Is Reliability Just System Health?
The first thing you might assume is that reliability is synonymous with availability. After all, if a service is up 99% of the time, that means a user can rely on it 99% of the time, right? Obviously, this isn’t the whole story, but it’s worth exploring why.
For starters, these simple system health metrics aren’t really so “simple.” Starting with just the Four Golden Signals, you’ll end up with the latency, resource saturation, error rate, and uptime of all your different services. For a complex product, this adds up to a whole lot of numbers. How do you combine and weigh all these metrics? Which are the important ones to watch and prioritize?
Judging things like errors and availability can be difficult too. Gray failure, or when a service isn’t working completely but hasn’t totally failed either, can be hard to capture with quantitative metrics. When do you decide when a service is “available enough?”
What about a situation where your service performs exactly as intended, but doesn’t align with your customers’ expectations? How do you capture these in your picture of system health?
Clearly, there needs to be another layer to this definition of reliability!
Reliability as Users’ Subjective Experience with the Service
The answer to all these questions is “it depends on user happiness.” Taking into account user expectations and perspectives allows you to prioritize your many service metrics. Here’s a classic straightforward example. Imagine you have two incidents:
- A service that 99% of your users depend on experiences a slowdown
- A service that 1% of your users access occasionally experiences a total outage
Which one should receive your attention first? Despite incident two impacting system health more, incident one makes your customers more unhappy and should be your higher priority.
This new form of reliability, espoused by Google in its SRE book, motivated the creation of SRE tools like SLIs, SLOs and error budgets. These tools allow you to quantify customer happiness from system health metrics. You weigh each metric based on how much it matters to your customers’ experiences.

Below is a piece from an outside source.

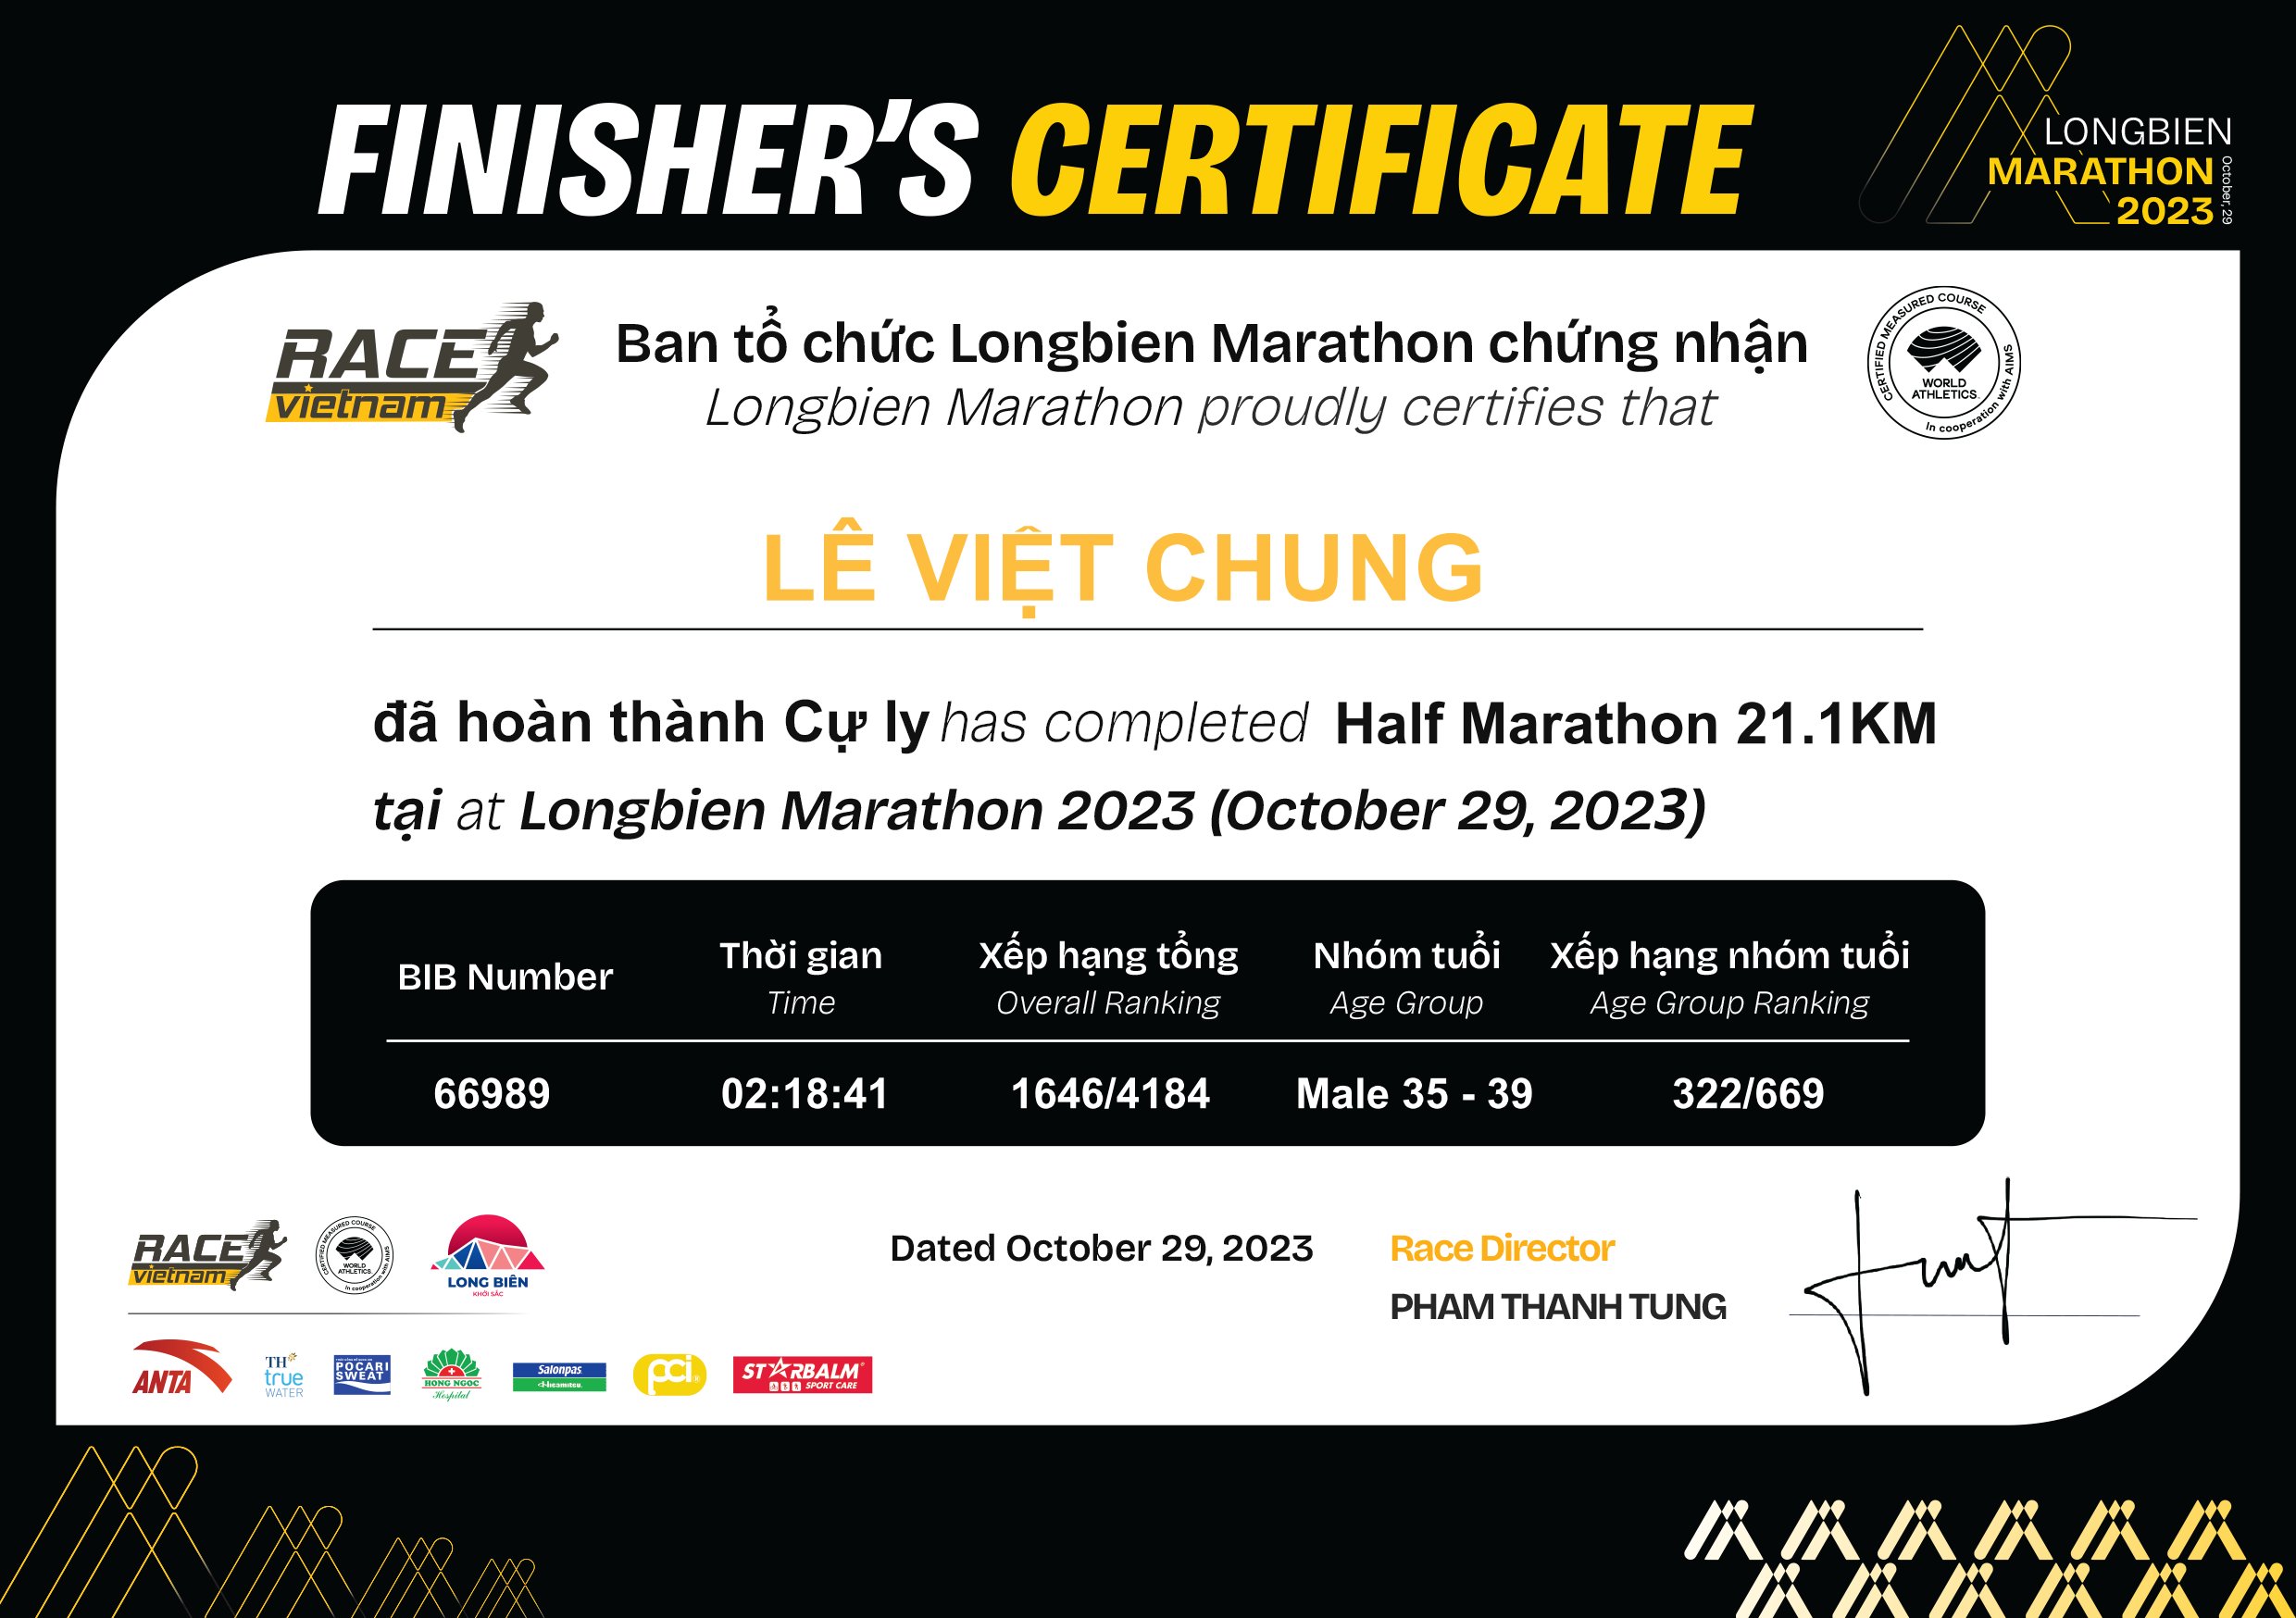 66989 - Lê Việt Chung

Getting to this picture of your reliability isn’t easy. You need to really understand your users:
- What different groups of users do you have? How do they use each service, and what do they depend on most?
- How big is each group of users? How much do they contribute to your bottom line?

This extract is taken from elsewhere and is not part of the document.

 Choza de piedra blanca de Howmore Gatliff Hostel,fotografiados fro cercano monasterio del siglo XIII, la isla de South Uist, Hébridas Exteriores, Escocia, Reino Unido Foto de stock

- How satisfied are these groups of users with the services as-is? What sort of degradation of system health would make them dissatisfied?
- What expectations do they have for the service to evolve in the future? How is their confidence in this expectation affected by incidents?

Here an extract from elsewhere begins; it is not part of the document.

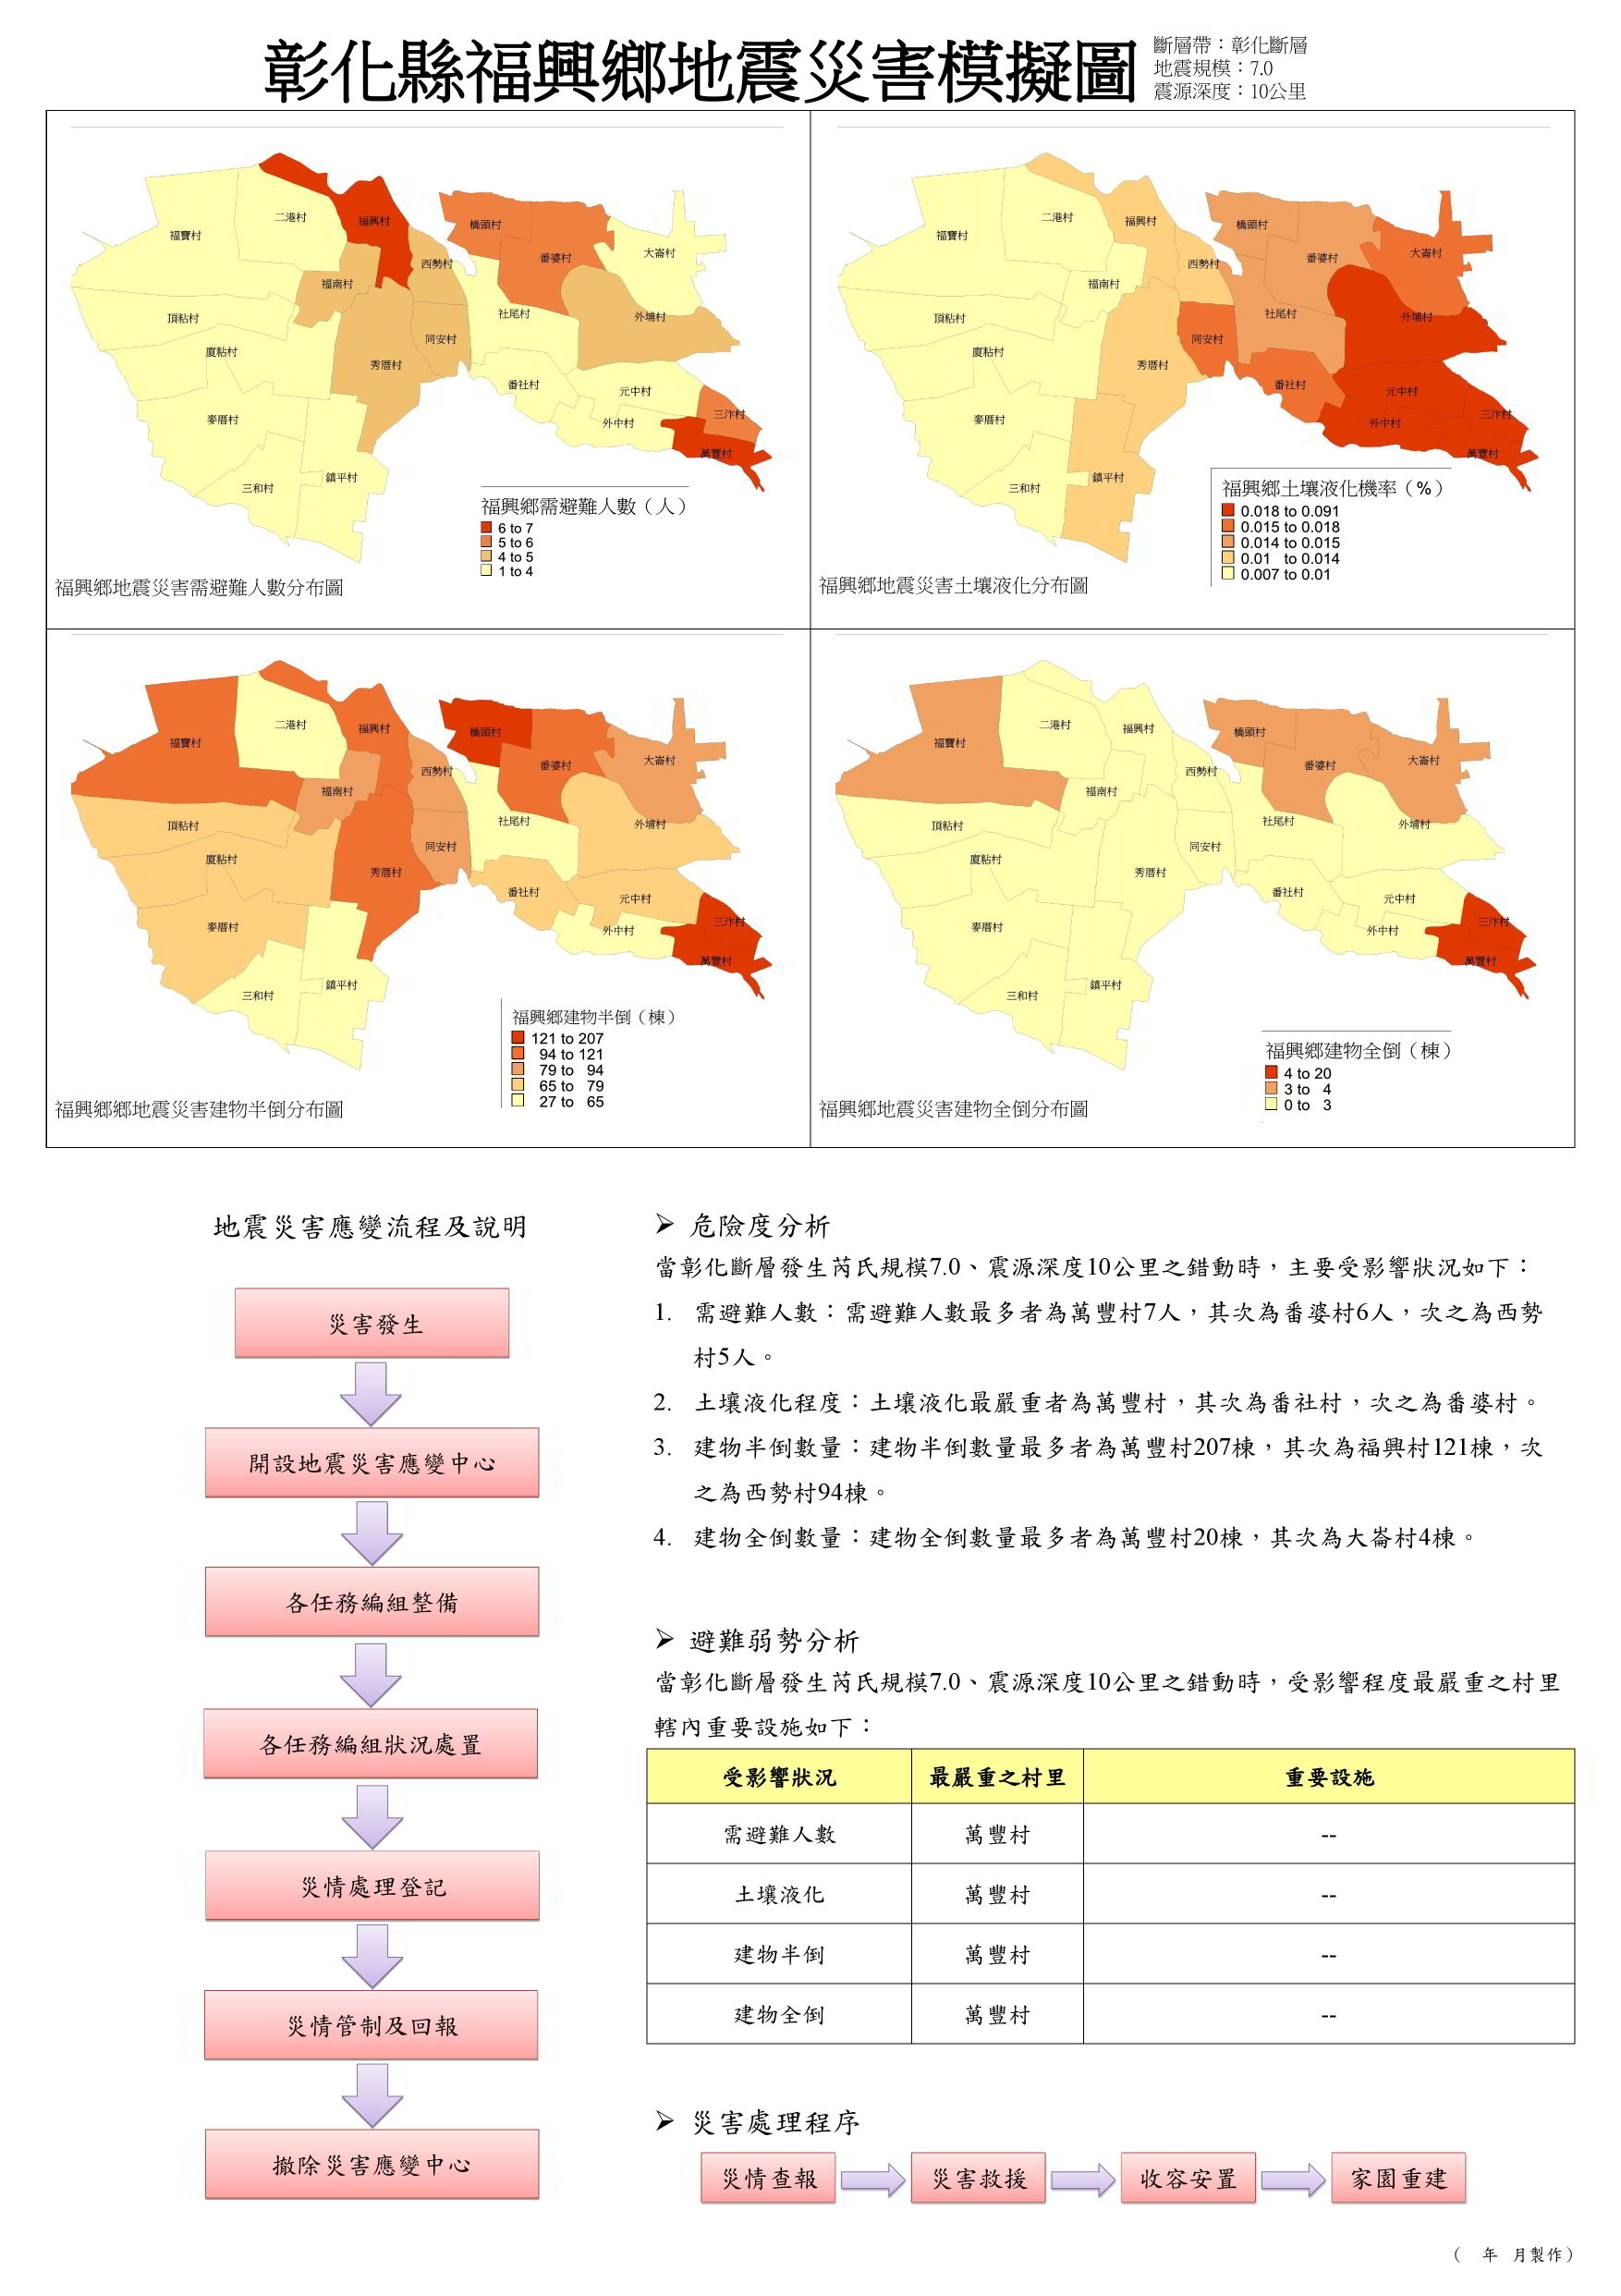 防災專區福興鄉地震災害模擬圖

This deep, multi-faceted understanding of users takes a holistic effort to achieve. It isn’t entirely within the scope of your DevOps or SRE teams to have answers to these questions. The whole organization, including customer success, marketing, product, and sales teams will have to collaborate to build this big picture.
What we’ve come to understand, though, is that this picture still isn’t quite big enough.
A New Socio-Focused Definition of Reliability
The Google SRE book brought a revolution in reliability, but it made certain assumptions that don’t apply to every org. Not everyone is a Google — in fact, only Google is! Unlike them, you probably have limited resources to spend on improving your reliability. We think this limitation should be fundamental to your understanding of what reliability is.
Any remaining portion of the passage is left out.